En todo el mundo los velos están regresando. Por todas partes, en los lugares públicos, desde escuelas y universidades hasta parlamentos, se puede ver a mujeres veladas, ya sea con prendas que cubren sólo la cabeza (las llamadas “hijabs”), la cara y la cabeza (“chador” y “burqa”) o el cuerpo entero.
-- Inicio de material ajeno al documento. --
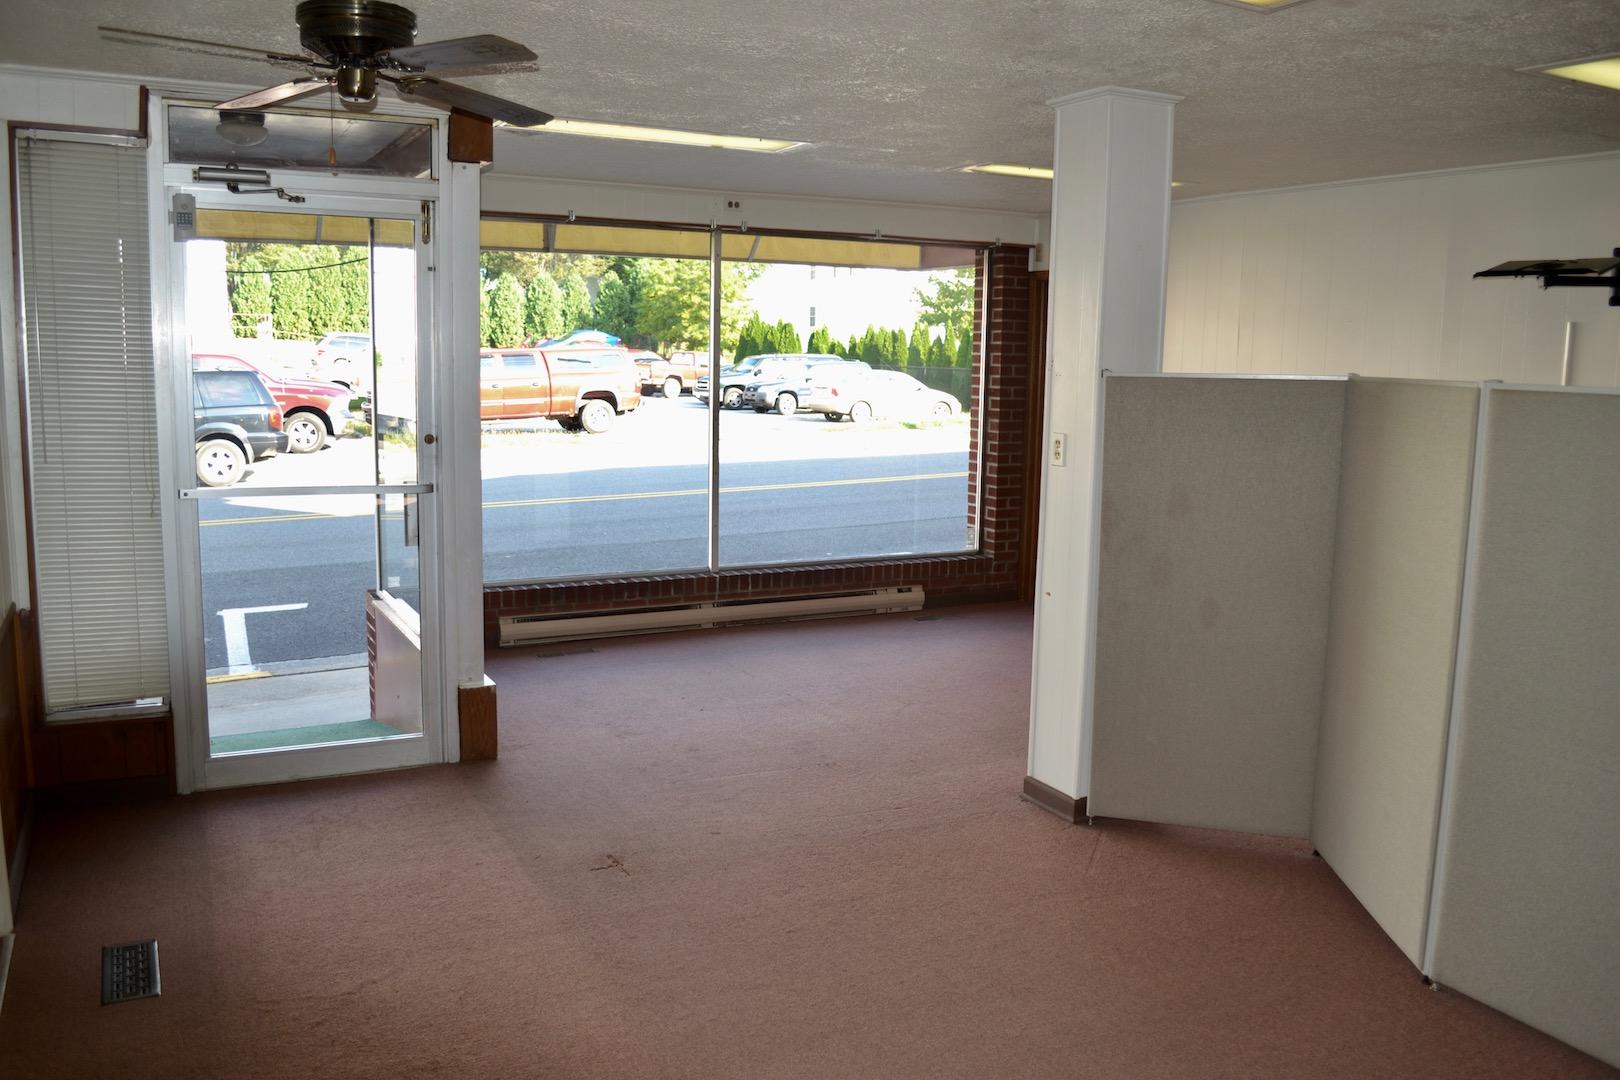 13-First Floor-Main Office Space-7.jpg

¿Por qué se está dando este regreso? Aunque se supone que el velo está basado en las tradiciones, su reaparición parece ser una respuesta a la inestabilidad social y política de hoy. En Afganistán y otras partes de Asia, la caída de los regímenes comunistas incitó un aumento de la ortodoxia religiosa, como lo hizo el derrocamiento del Sha en Irán. En Egipto y Arabia Saudita, de hecho, en todo Medio Oriente, la reaparición del velo tiene muchas raíces: algunos sostienen que surgió de la derrota árabe en la guerra de 1967 contra Israel; otros dicen que comenzó con la desintegración del sueño de la unidad árabe.

Esta conexión con la política sugiere con más fuerza aún (dado que el Corán apenas hace mención del velo) que esa práctica es un artificio social y religioso: el velo permite la creación de una nueva identidad política instantánea –una especie de “tradición instantánea”—que es particularmente poderosa cuando el velo se hace obligatorio. Esta obligatoriedad puede lograrse tanto de arriba hacia abajo –por ejemplo, mediante decretos que reinterpretan los preceptos islámicos—como de abajo hacia arriba, a través de normas comunitarias y presión social.

Cuando el ímpetu por “cubrir” surge desde abajo, desde la familia y la comunidad, esas prácticas provocan acciones en contra del velo por parte del Estado. En Turquía, el gobierno prohibió el uso de velos para la cabeza en escuelas y universidades públicas. A través de redadas se ha impedido que miles de mujeres jóvenes entren a clases o reciban sus grados si se presentan con velo. La prenda también está prohibida en el parlamento turco.